I keep getting offers to try Amazon Prime free for 30 days but have always resisted as I don't really want another subscription but now wondering if I should try the free offer. It says if I want I can cancel at any time before the 30 days are up. How easy is it to do this and are there any pitfalls to look out for?


----------



## peribro (Sep 6, 2009)

I always take up the free offer when offered it and have never had a problem cancelling. You do it online through your account but you continue with Prime membership for the remainder of the free month regardless of when you cancel. In other words do it straight away so as not to forget!


----------



## havingfun (Oct 31, 2007)

*amozon prime*

hi,

try and take the offer up when you want a load of items, because you get free postage, and lots of other things you need time to work out, i tried it just before we went away, and dident have time to study it, but they cancel with no problems, but when we came back i tried to have another free go, but no chance, so now i need to pay up front or not bother. david with a family swears by it, he reckons it pays for itself within a couple of months.

mags


----------



## aldra (Jul 2, 2009)

I pay £7 99 a month for kindle unlimited 

I read a lot so works out OK for us , as Albert also can access free books 

Haven't really checked out prime

Sandra


----------



## Mrplodd (Mar 4, 2008)

It gives you access to a reasonable amount of TV and a simply VAST amount of music (streaming only, no download facility but you do of course need Wifi) plus next day delivery on many items you buy.
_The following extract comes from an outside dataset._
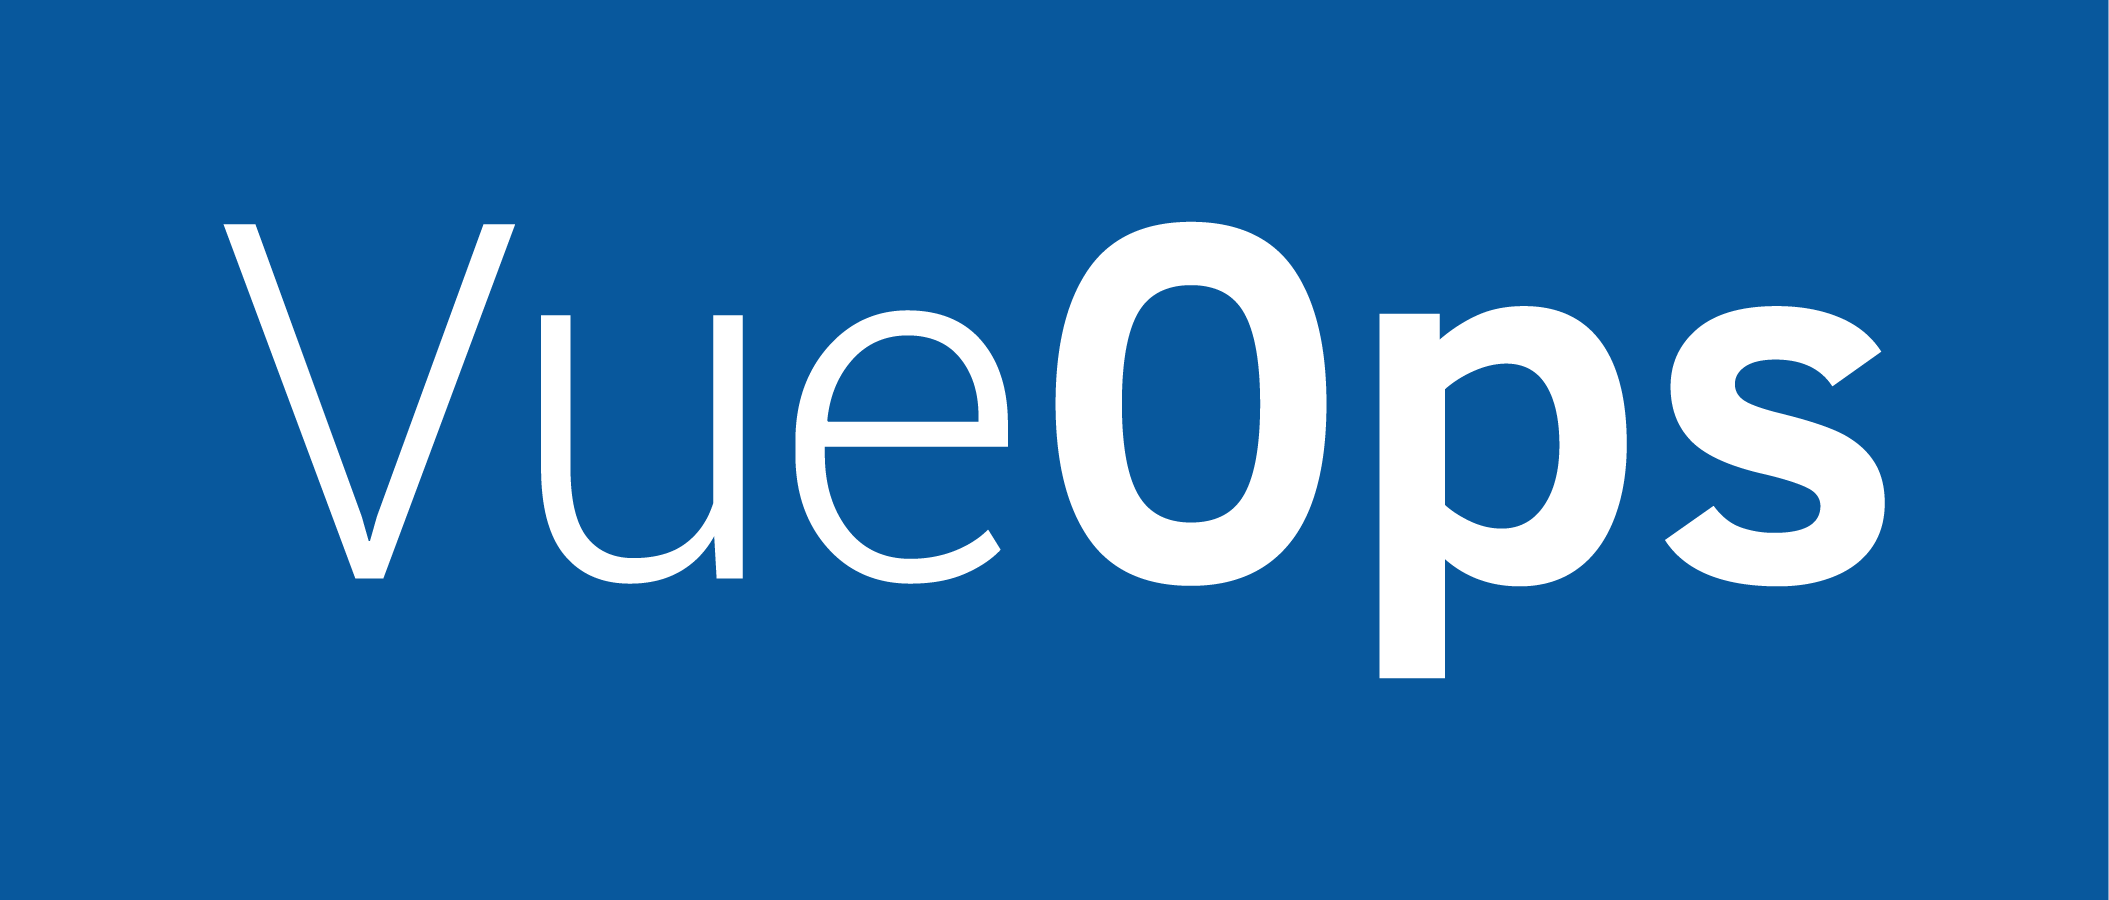 Vue Ops Logo Shape Blue

You can either have an annual,subscription (one off payment) or monthly subscription with NO minimum contract period.

We use it for the music mostly and reckon it's decent value at the equivalent cost of buying a new CD each month.

Give it a try, nothing to lose.

Andy


----------



## homenaway (Jul 27, 2005)

We have just signed up to Prime as I needed to buy some ink cartridges in a hurry which are free delivery anyway but are promised for next day.

Prime includes Kindle unlimited (10 books or magazines on loan) as well as music tv and video streaming.

You can have two adults with their own Amazon accounts registered in one household membership.

Steve


----------